Stored data:
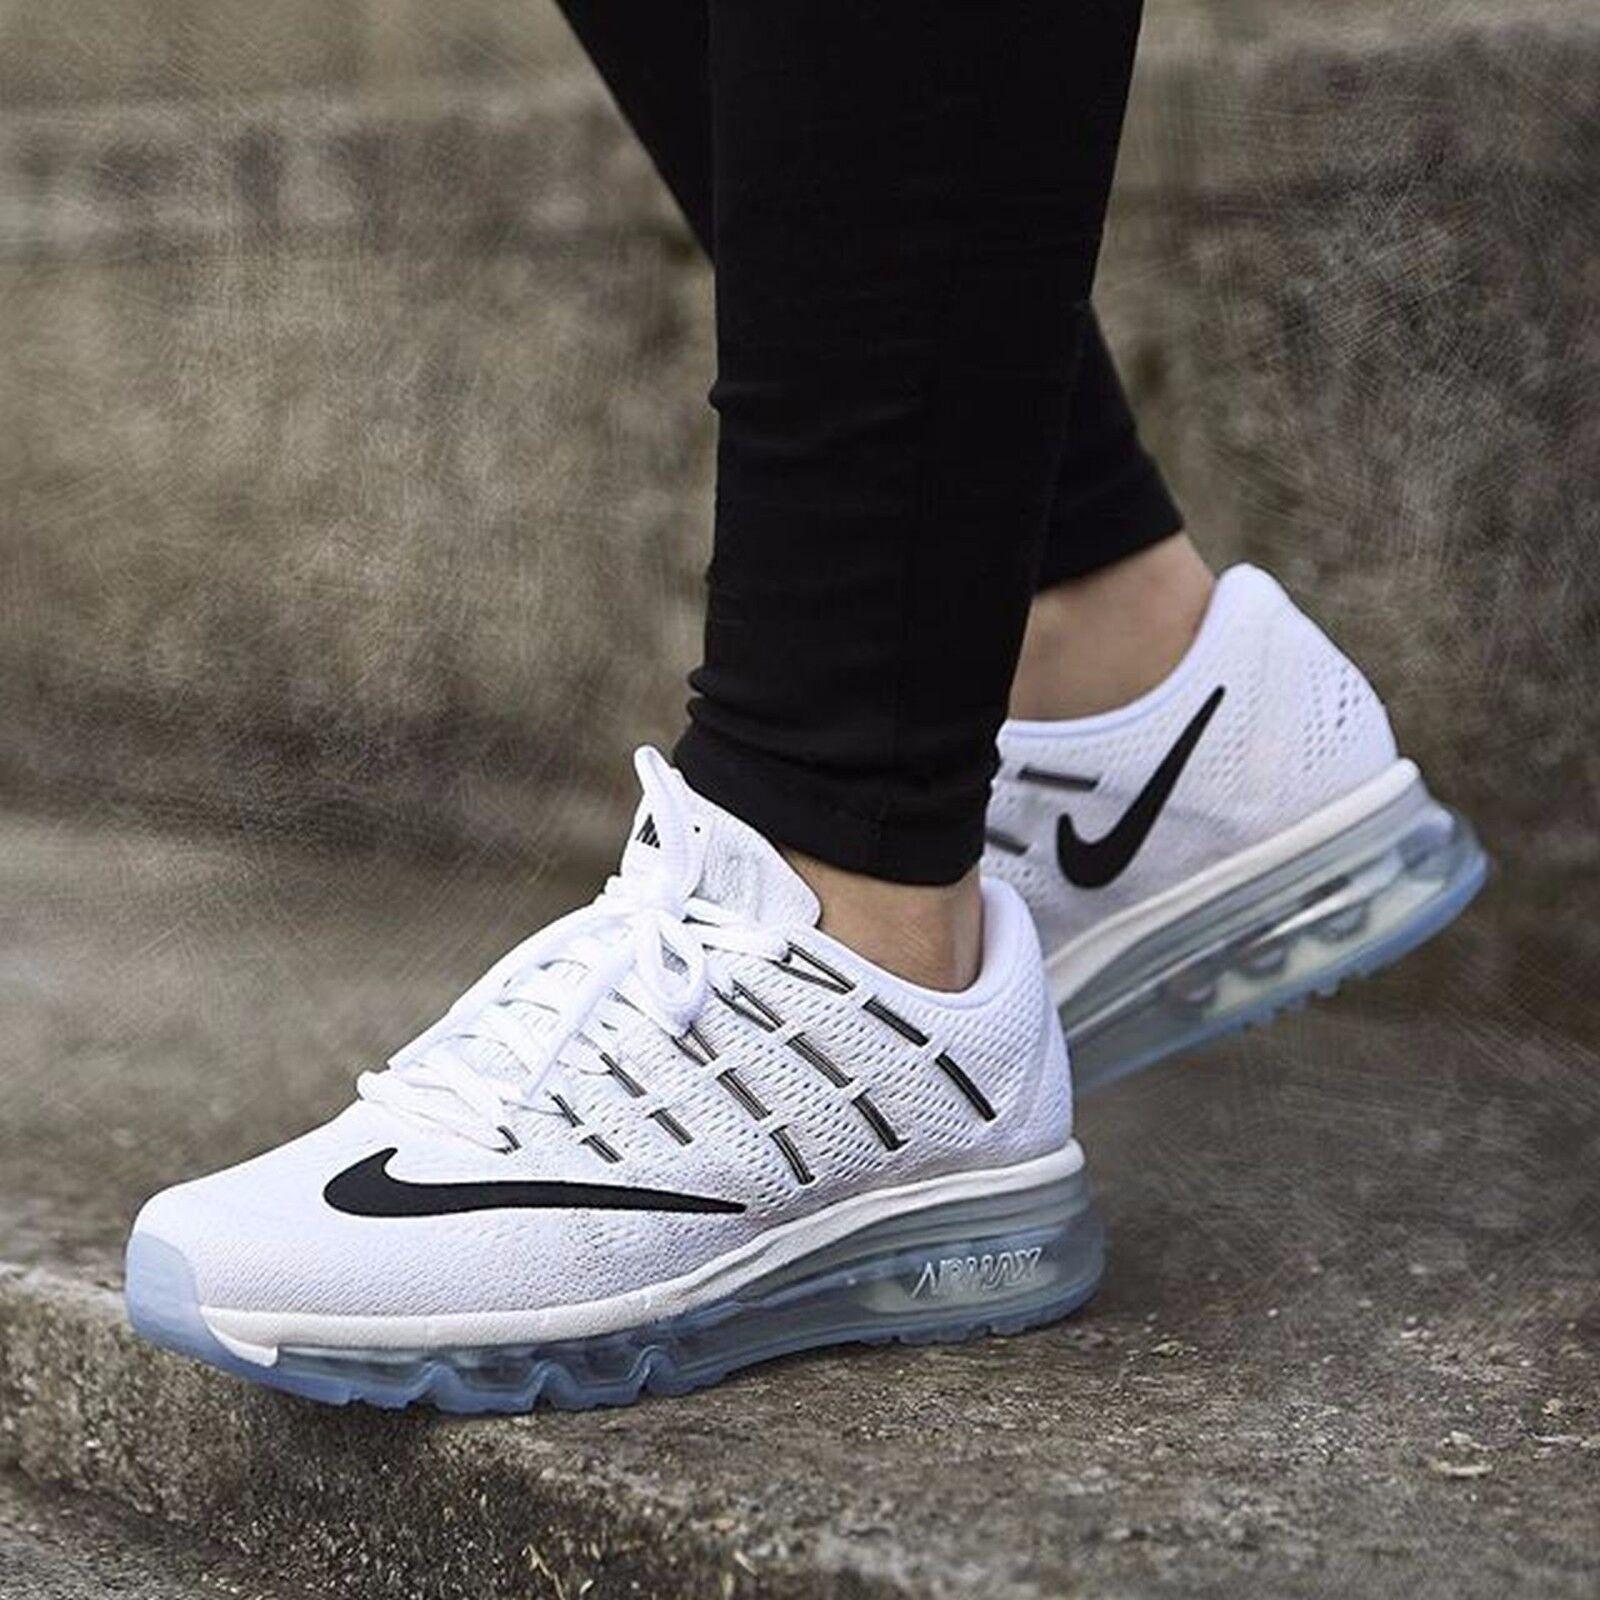 Nike Air Max 2016 Summit White Black-White 806772-100 Wmn Sz 10
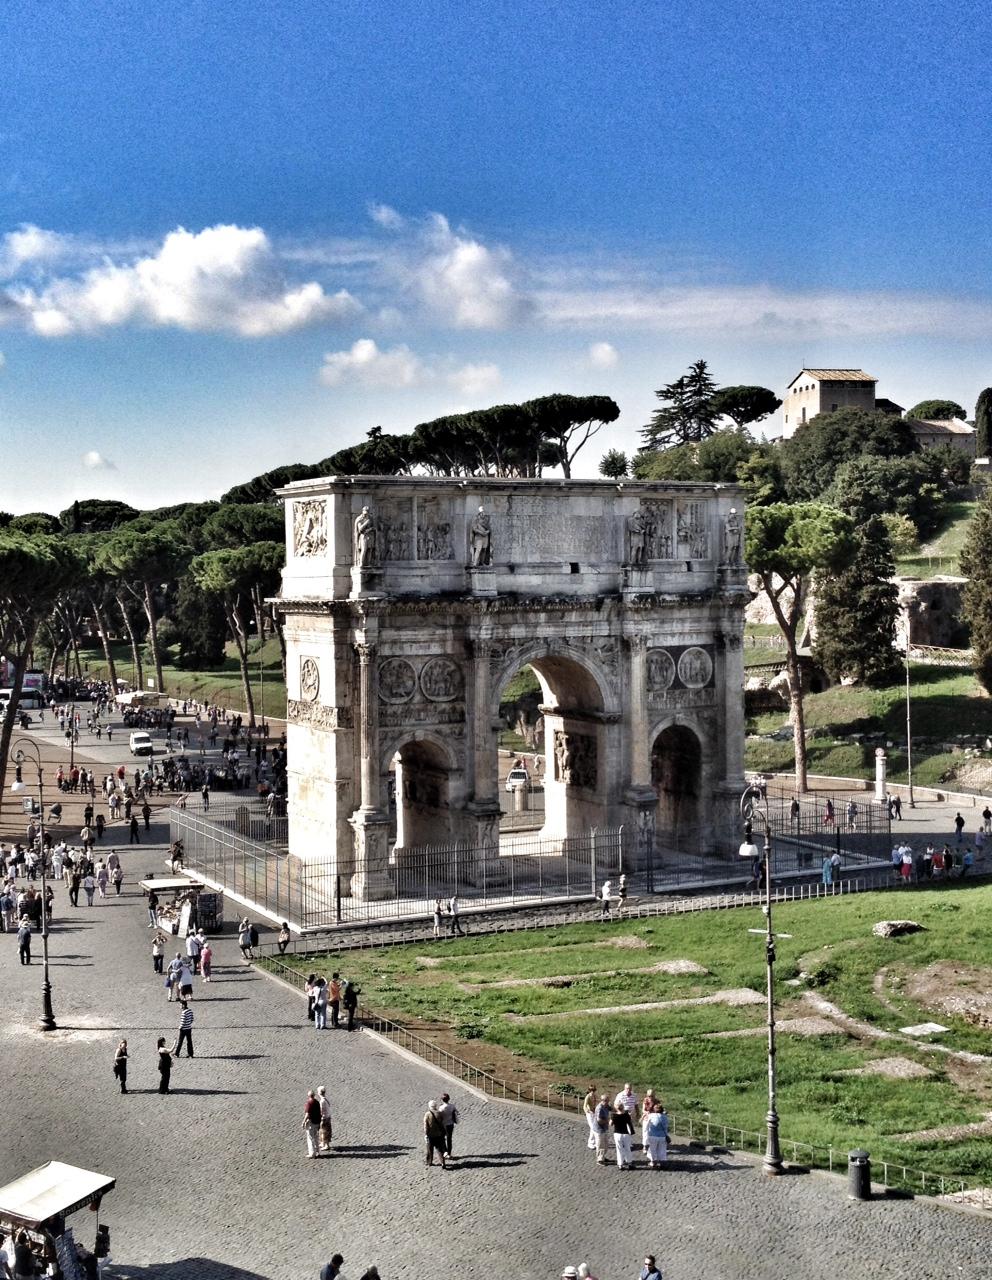 Rome, Italy, European travel, wanderlust, Arch of Constantine, Mediterranean Cruise Port
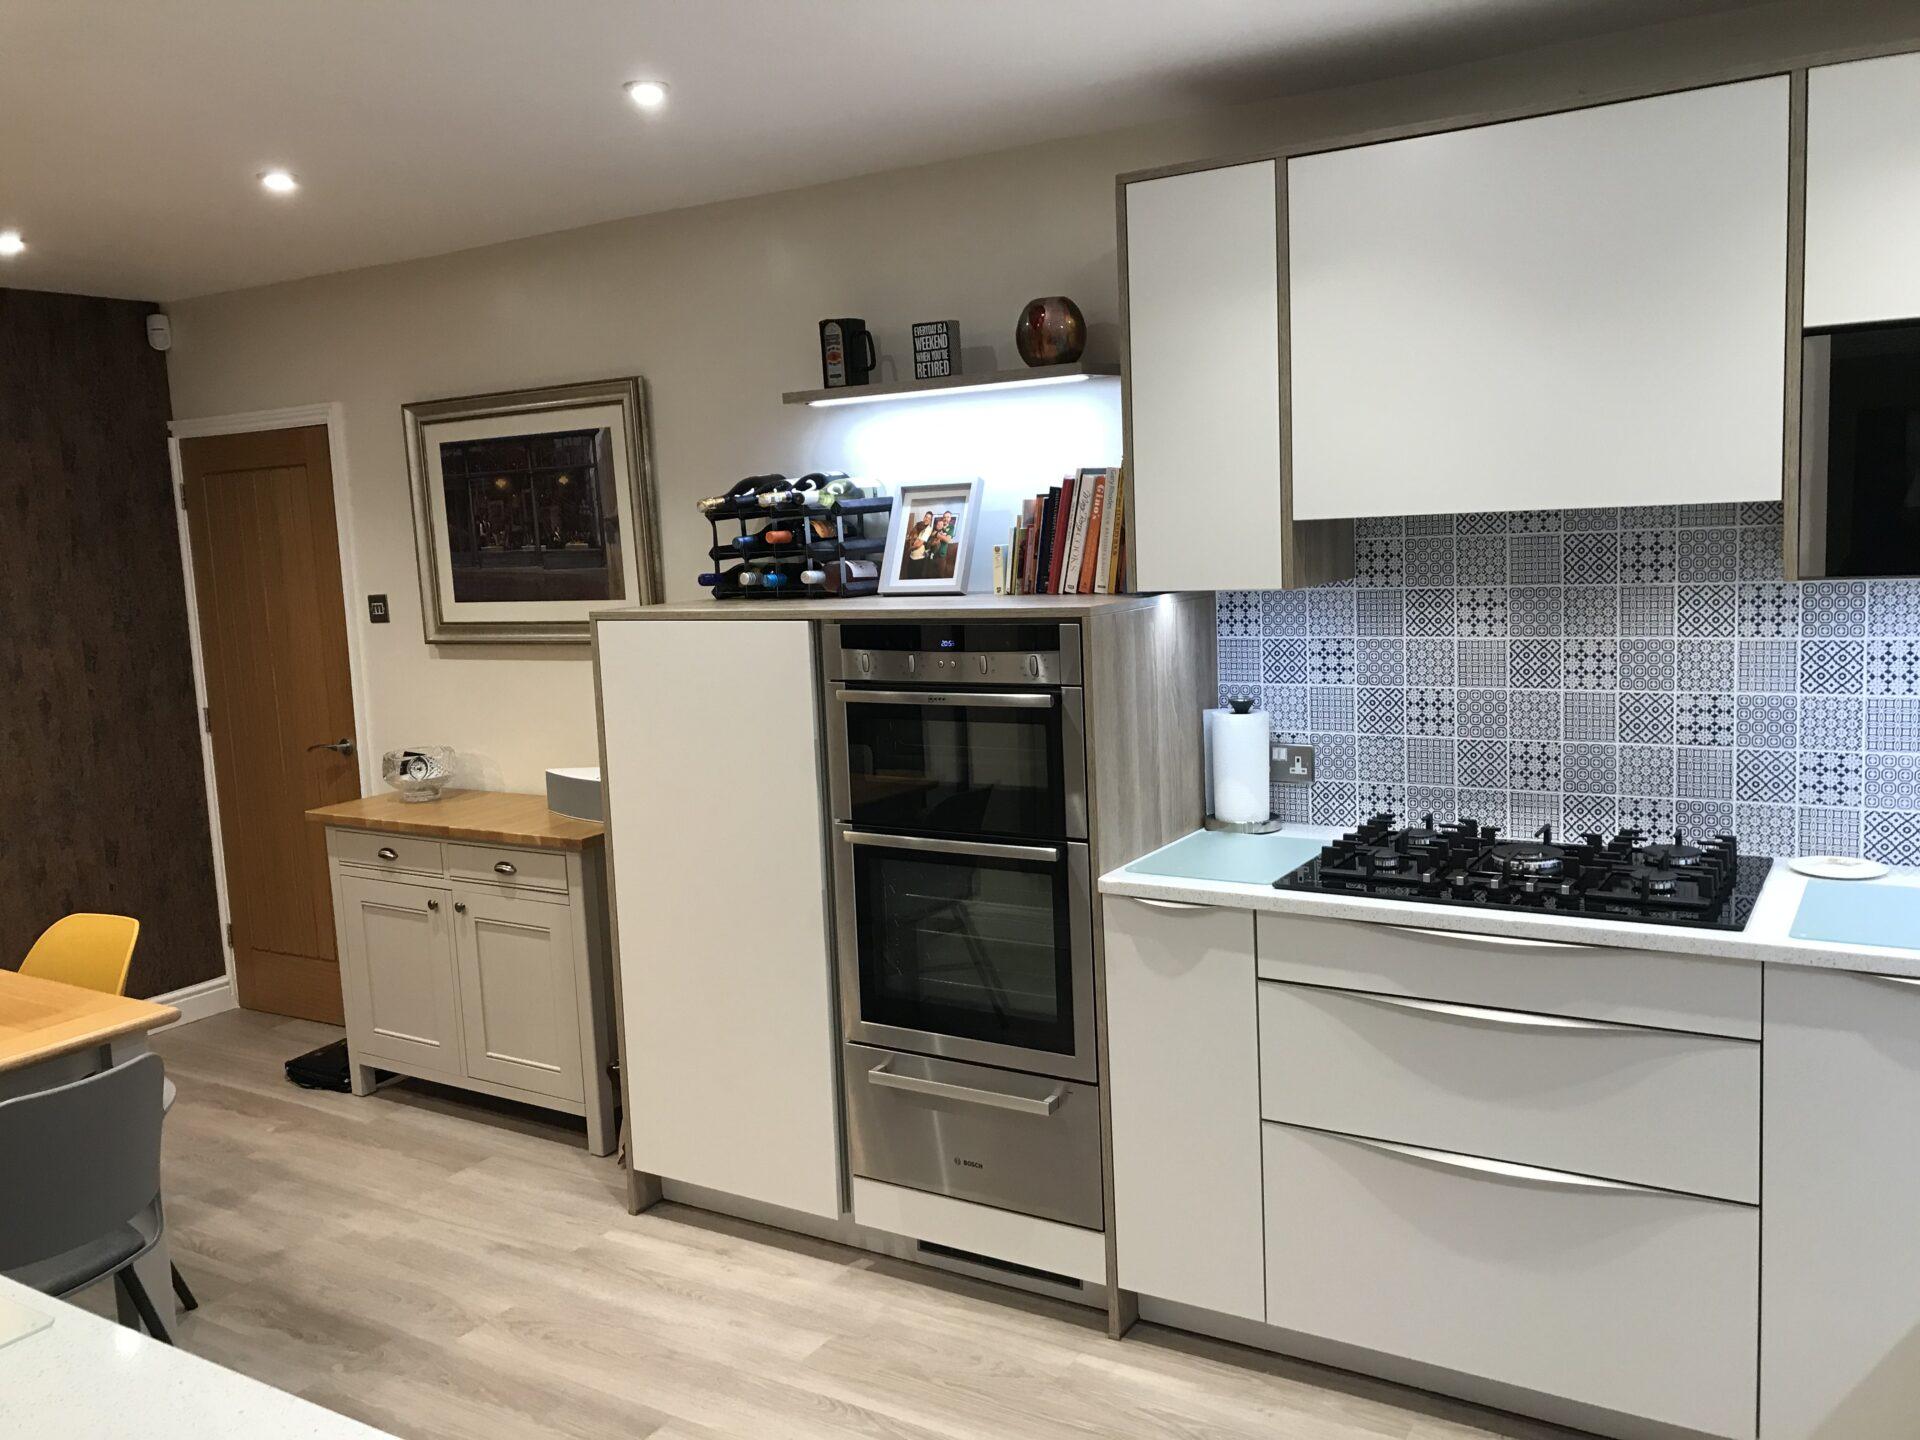 German Kitchen Super Matt with Solid Quartz Worktops (Newport)
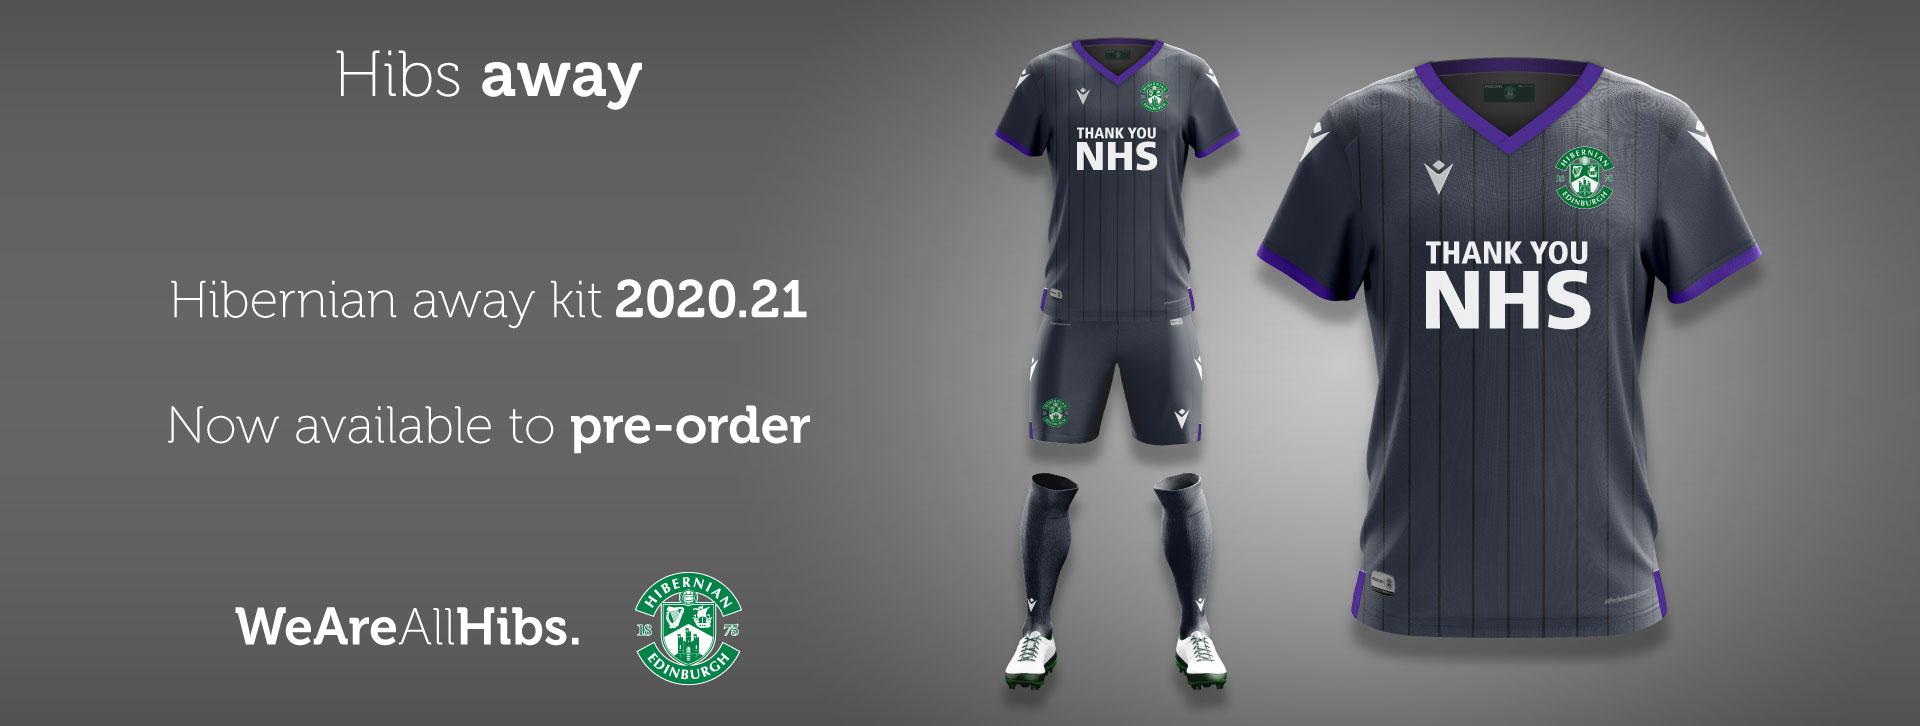 Hibernian FC 2020/21 Away Kit - Pre-Order
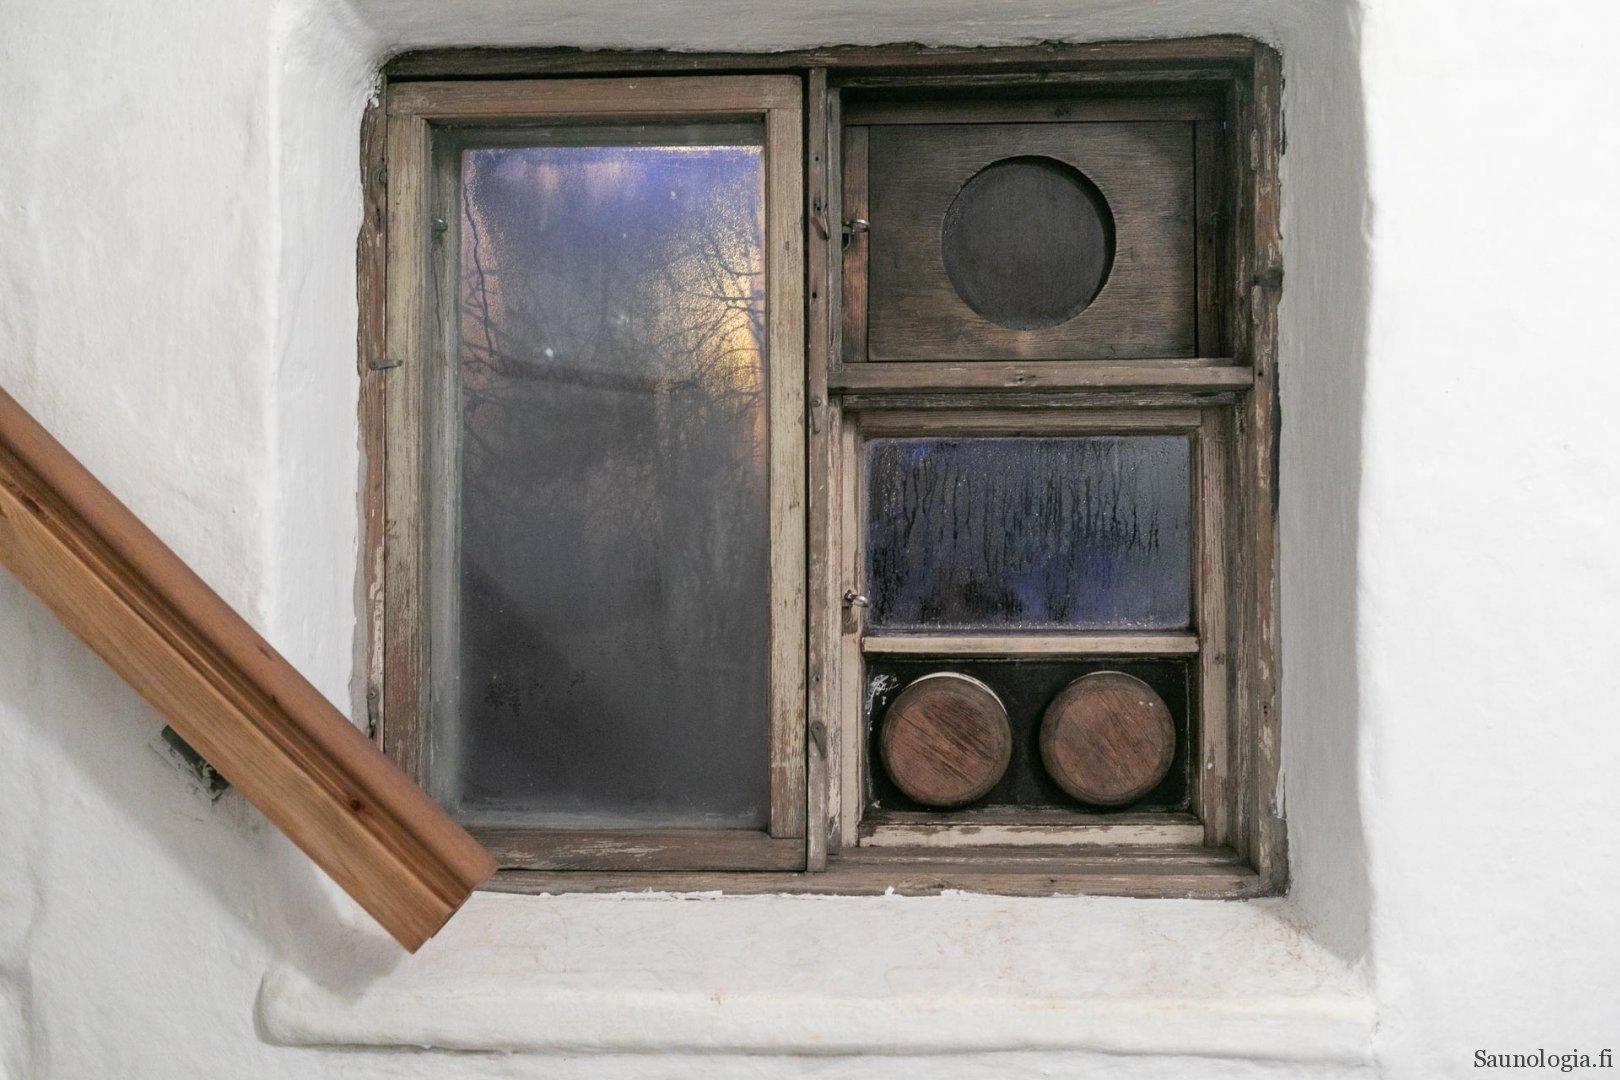 Rajaportin saunan ikkuna

▸ WHAT YOU SHOULD DO
Write out again, exactly, each line from the one containing "German Kitchen Super" through the last line of the entries, and omit every picture.

▸ EXERCISE RESULT
 German Kitchen Super Matt with Solid Quartz Worktops (Newport)
 Hibernian FC 2020/21 Away Kit - Pre-Order
 Rajaportin saunan ikkuna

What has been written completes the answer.